Her tone of voice breaks my heart, but that's just my human self thinking. I have to let go. I have to embrace who I used to be. "Shooting Star- Mabel- no! Yes! Stop it! No, no! Argh! Let go, let go!" I begin to writhe as Dipper and Mabel look on in shock. I believe Stanley and Stanford have entered the room. I cry out as pulses of pain spread throughout my vulnerable body. My hand flies to my head as pangs of pain overtake me. I struggle to maintain my breath. No! Not again!
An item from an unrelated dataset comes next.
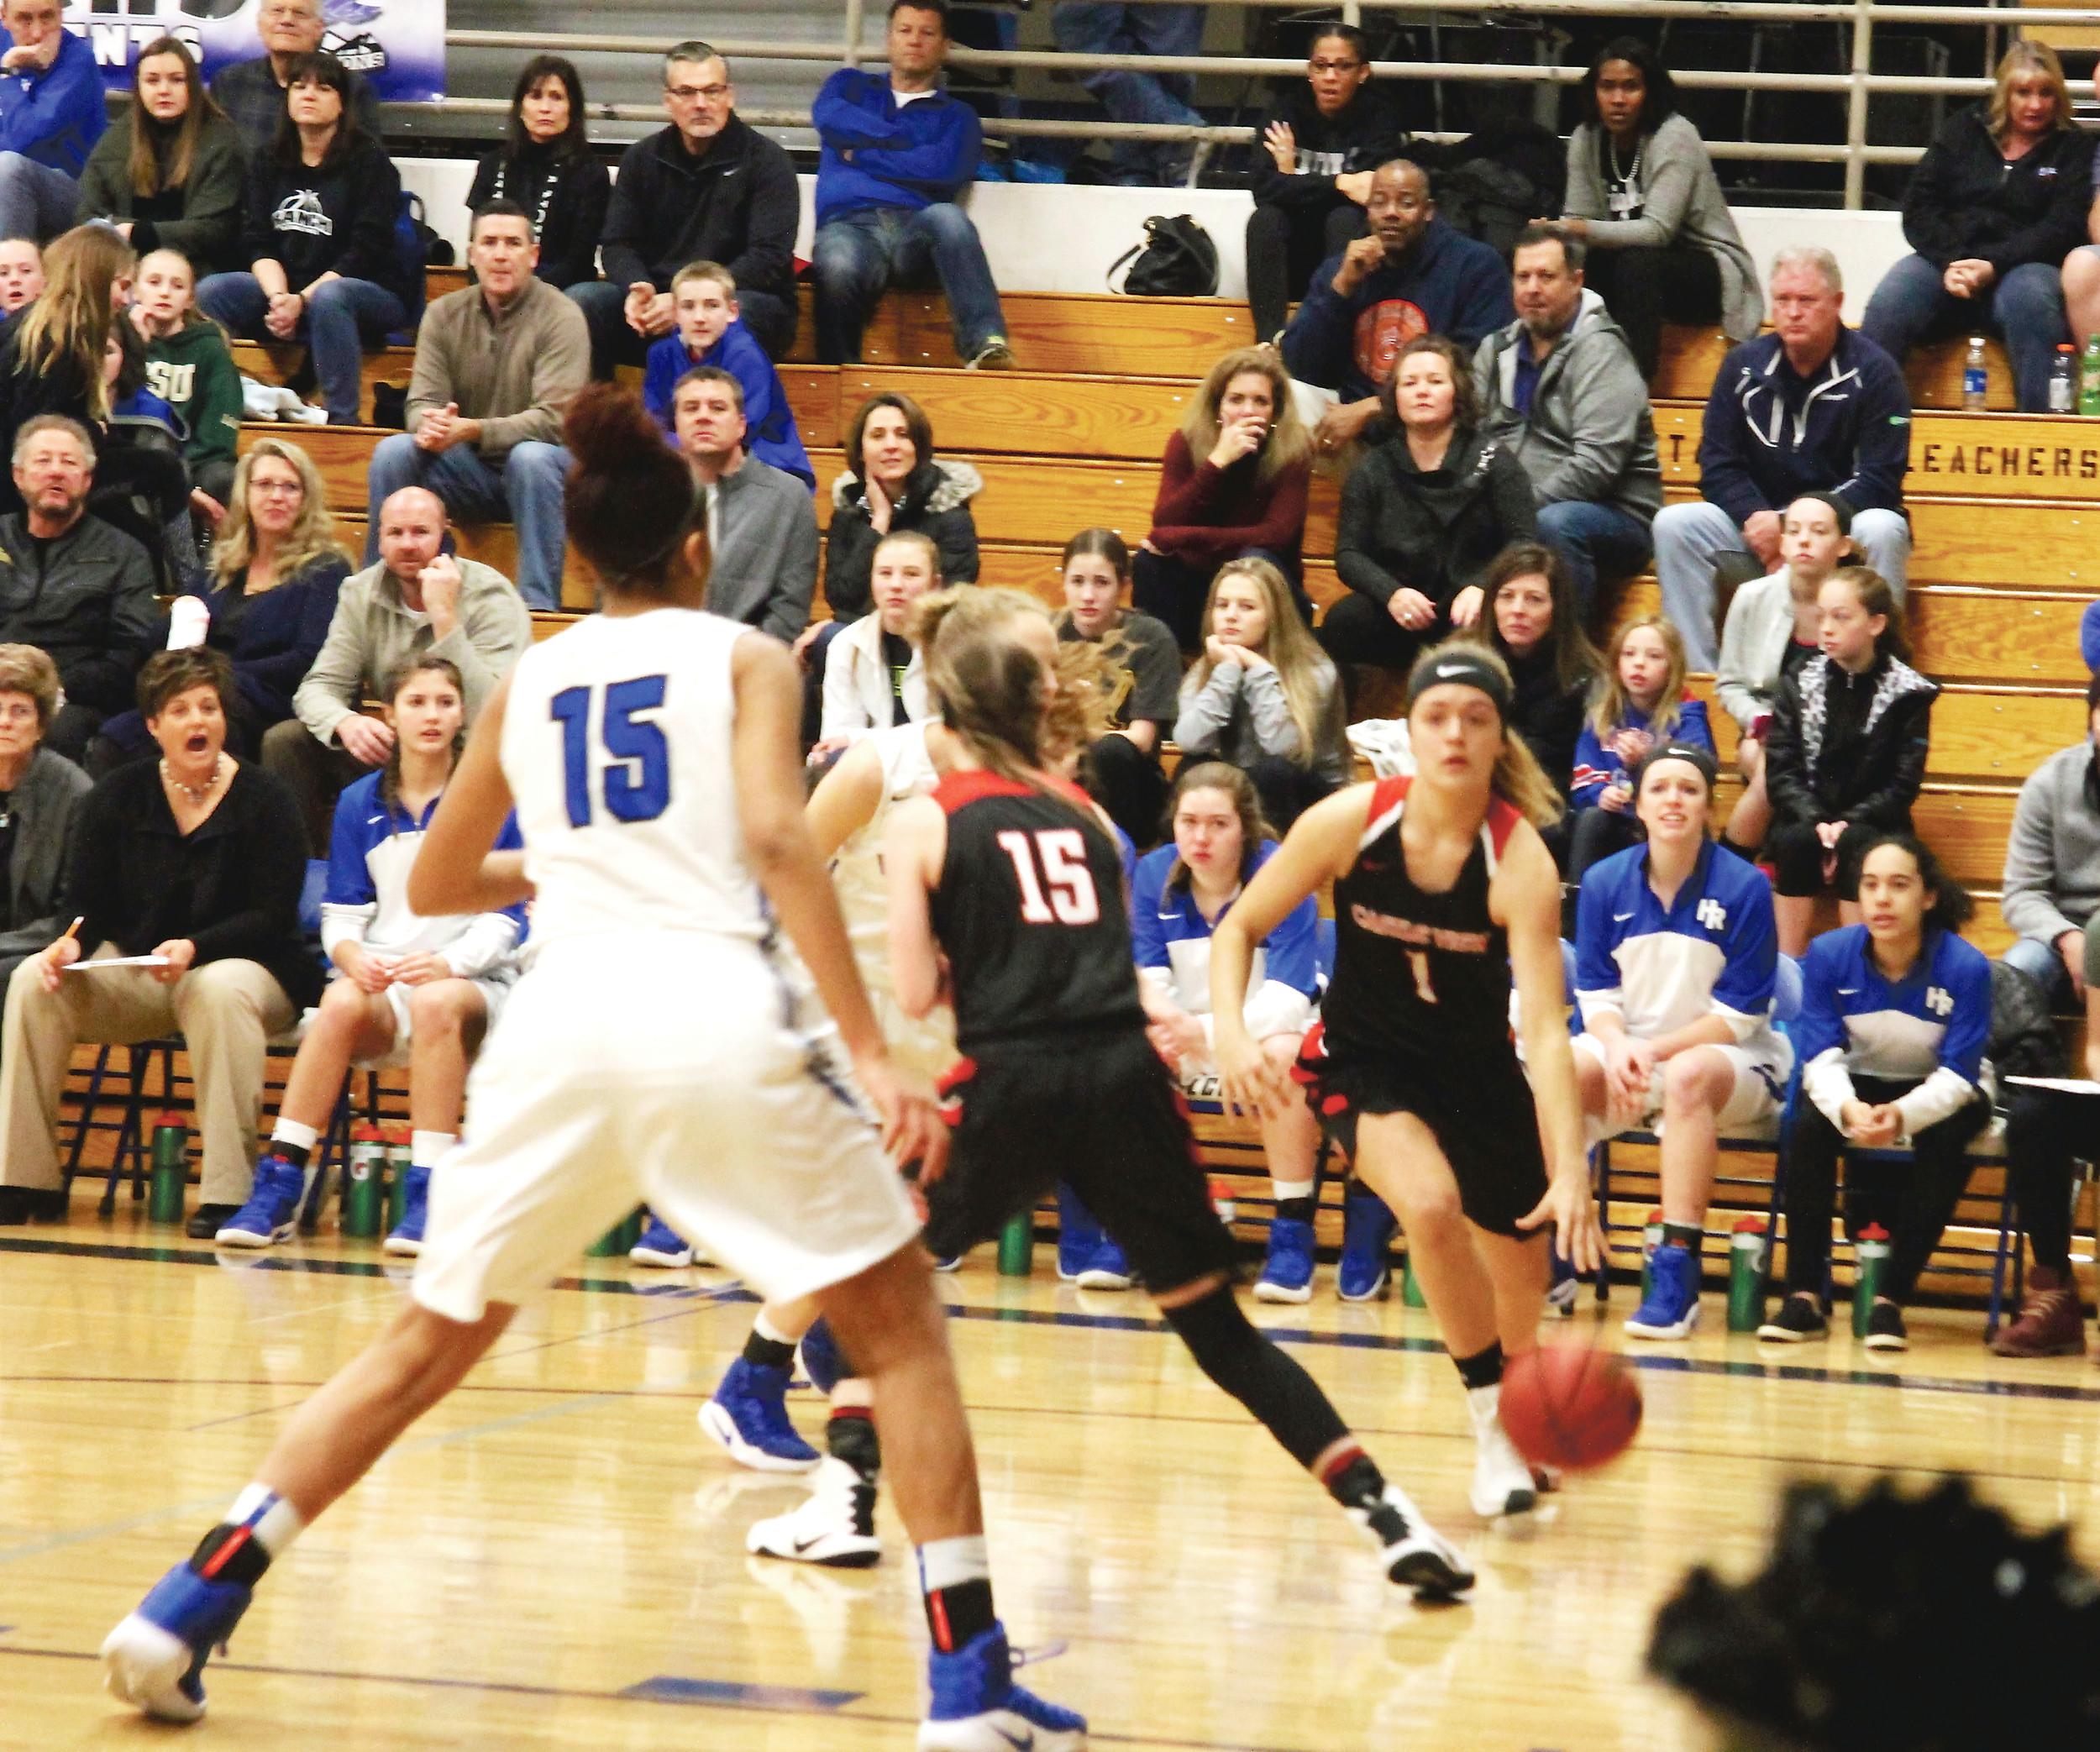 Highlands Ranch Youth Basketball: Sabercats Girls Coach Looks Back, Forward

As soon as it had come on, it has stopped. I lay still, breathing hard, my hand to my chest. "What happened?!" Dipper asked, his voice sounding panicky. He and Mabel have grasped hands.
As I struggle to retain my breath, I answer weakly, "T-this is what happened when you found me outside. When I developed the f-fever. I-it was much worse that time. M-myself... I-I feel... the new human part of me contradicts so much with my demonic self. And I can't control it. It- it hurts."
     After a few moments of silence, Ford says, "Impossible! You don't even have a split personality! It's almost as if... your soul is stuck between two places, two bodies, even."
     I groan in despair. I'm going to die like this. What a dumb way to die. My own soul can't even decide which part of myself it agrees with. If only... hm... oh, that's not a bad idea... if only I can find my old stone form, everything will be back to normal. But the others can't know. They'll keep me from my fun. But I don't want to be stuck in this miserable body for the short remainder of my human life. But there's no way I can leave this house without them stopping me. I'm sure they're going to be extra cautious after what's just happened. I'm going to have to trick them in having to have to let me out of this stuffy shack.
     I fake dizziness and I moan again. "Unghh... I think I'm going to be sick... can I get some fresh air?"
     "Oh, of course!" The twins rush me outside, the older set following close behind. Now how to get them off my tail?
     "Much better," I sigh. "Hey, now that we're out here, why not have a look around the place? It's been awhile and I think I could use some stretching with this limited human body of mine. And anyway, I'm not feeling as bad- perhaps my fever is going away?" That wasn't a lie. I still felt weak, but better than I had before. The four take a cautious look at each other.
     "Fine," Stanley says finally. "But if you wander one step away from us, chump-" he makes a slicing motion across his neck.
     "Got it," I say. I'm going to have some quick planning to do.